# gonna take a plunge



## rawthumb (Jan 3, 2006)

Well I hope not but the plan is to get out on CC Monday (1/9) morn ~09:00 looking for crappies, anyone stu... er silly enough to go with me? I can supply coffee but you'll have to bring your own cup and lifejacket.

Email if interested...

Yes I have the fever and yes I got BPS gift cards for Christmas.


----------



## itsbrad (Jun 13, 2005)

If I had the lifejacket I would be game.


----------



## rawthumb (Jan 3, 2006)

Sent you an email itsabrad, but you're probably watching pre-game programs or tailgating one..


----------



## rawthumb (Jan 3, 2006)

Sorry itsbrad, I didn't hear back from you I'll try to catch you someother time.

Also sorry for misspelling your id earlier, shoulda left the 'a' out.


----------



## FISHONAJ (Oct 25, 2005)

I wish you would have posted on the S.W. page! I was off yesterday and just saw the post today.
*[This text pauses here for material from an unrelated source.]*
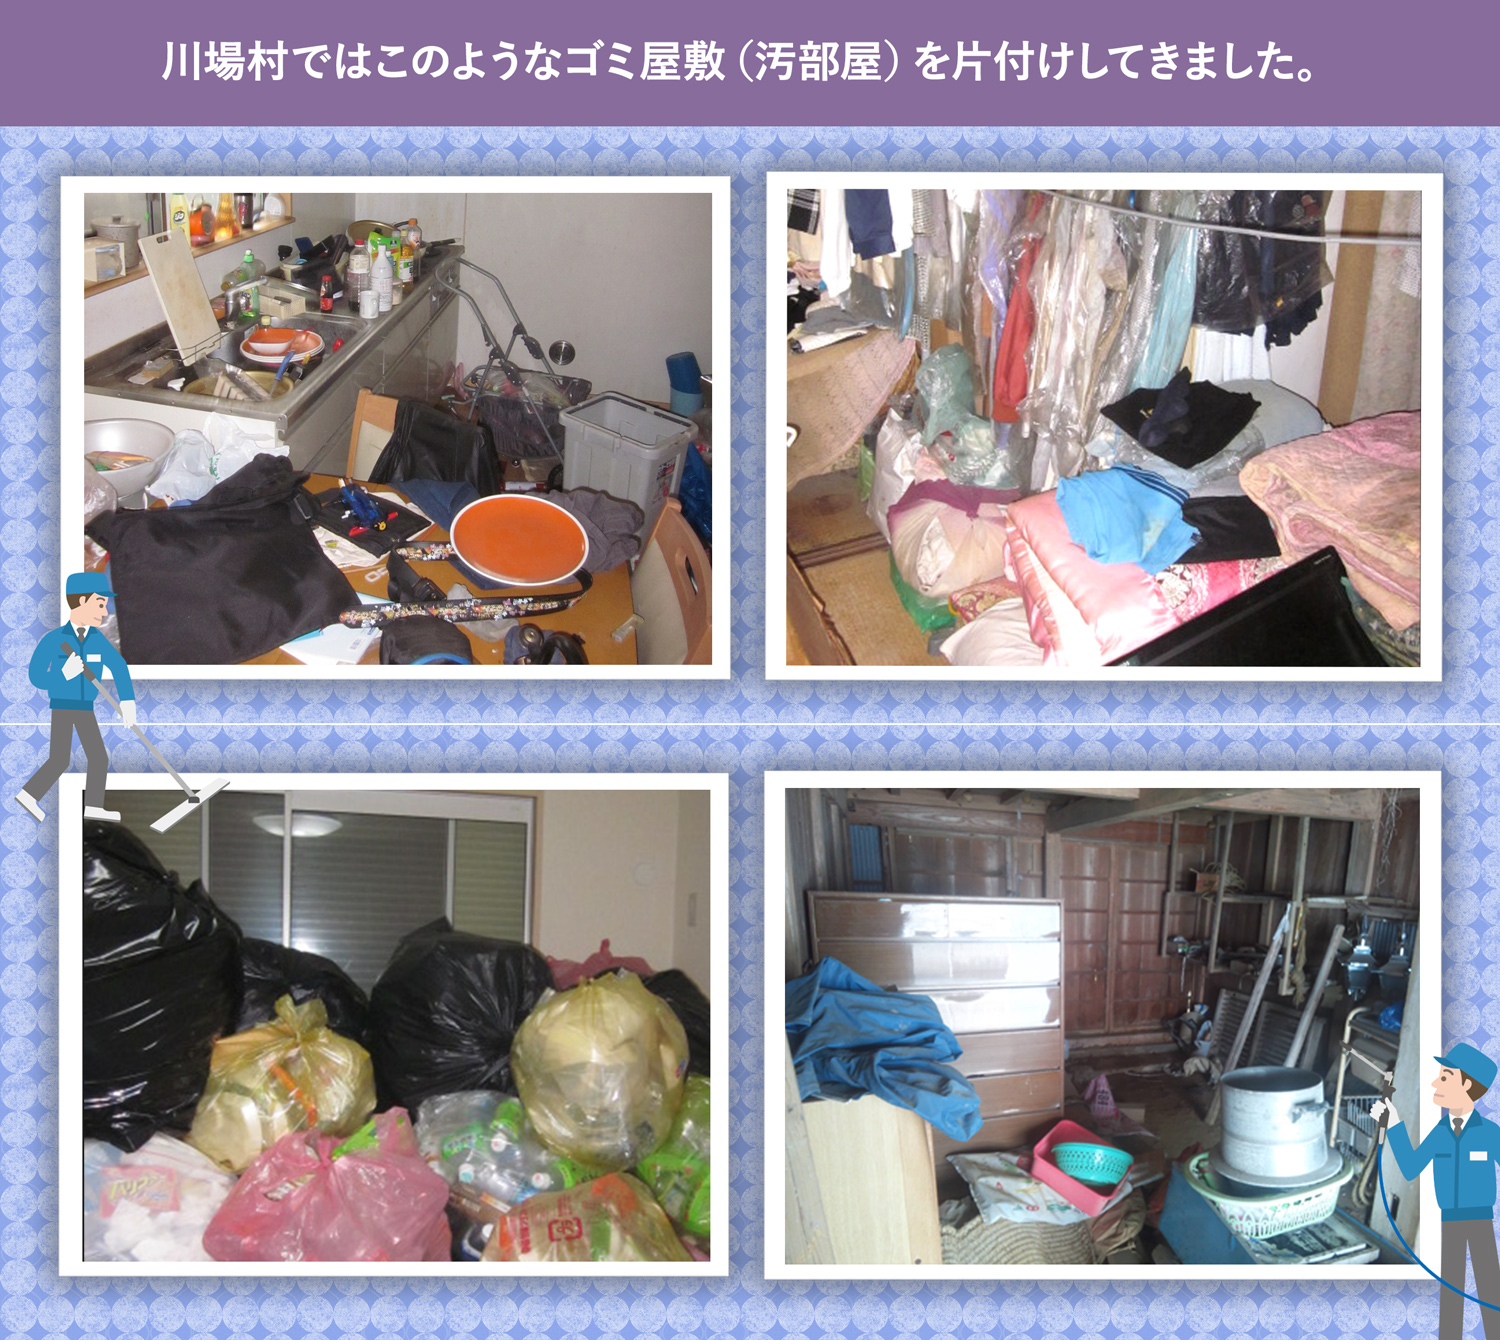 川場村で行ったで行ったごみ屋敷・汚部屋の片付けの一例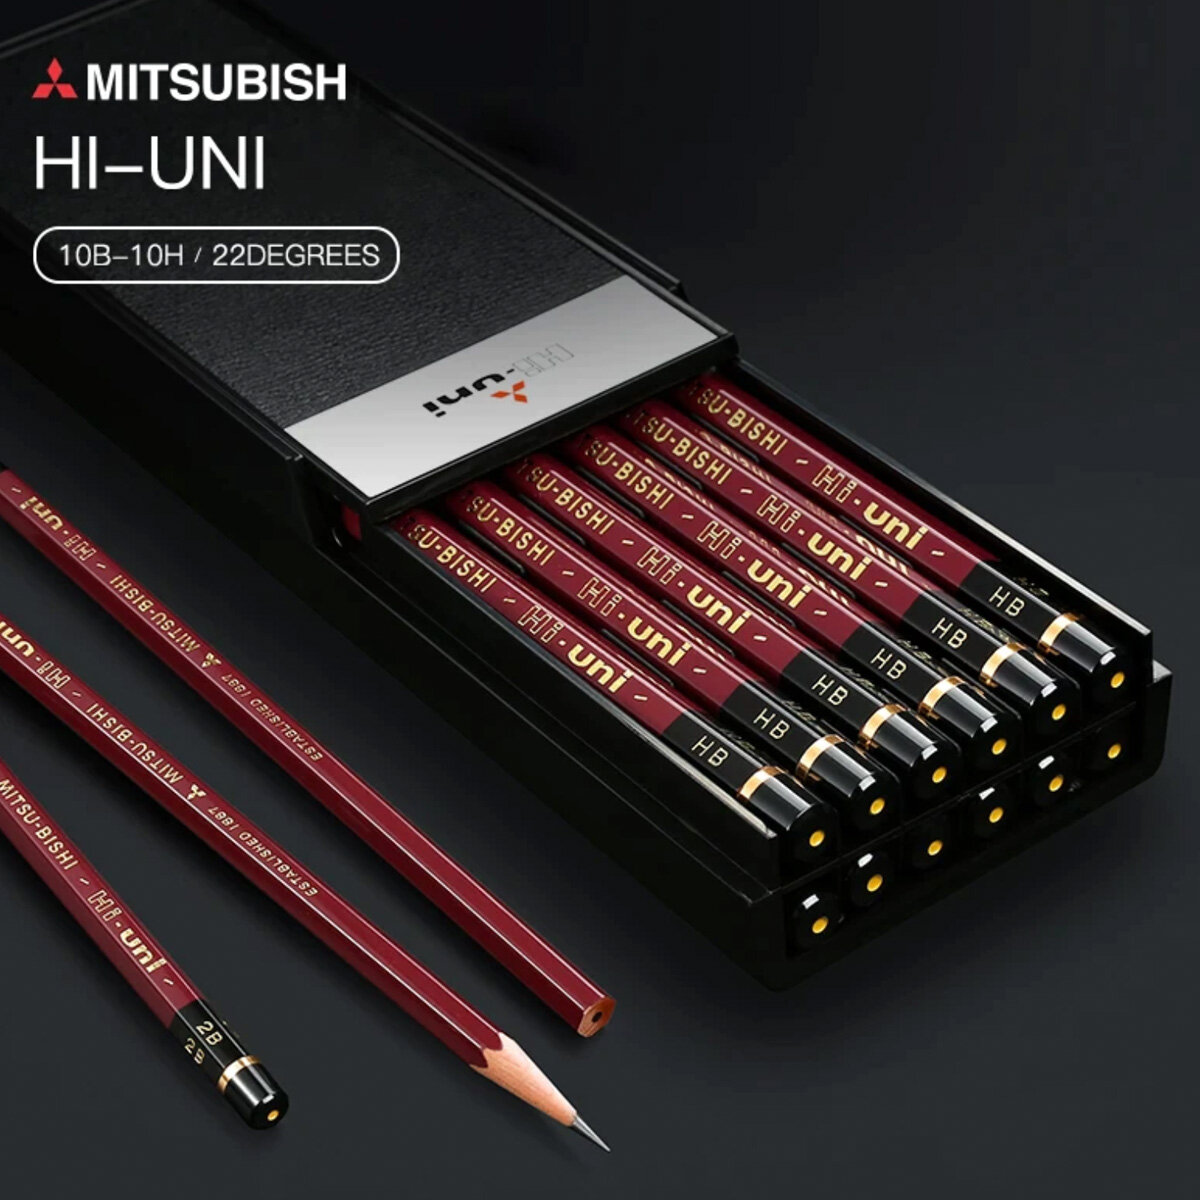 Mitsubishi Electric | Uni Hi-Uni Wooden Pencil - 10B (3 pieces

I'm jonesin to fish, how did you do?

AJ


----------



## rawthumb (Jan 3, 2006)

I added another 'X' on my map as to where they weren't, it was good to get on the water though, I hadn't done cold water fishing before... sorry Fishonaj, I"ll know better next time.


----------



## FISHONAJ (Oct 25, 2005)

Cold water crappie @ CC are usually deep, and i've had the best luck slip bobbering them. Very slow movement, kinda like icefishing except from a boat. Hope this helps in the future...

AJ


----------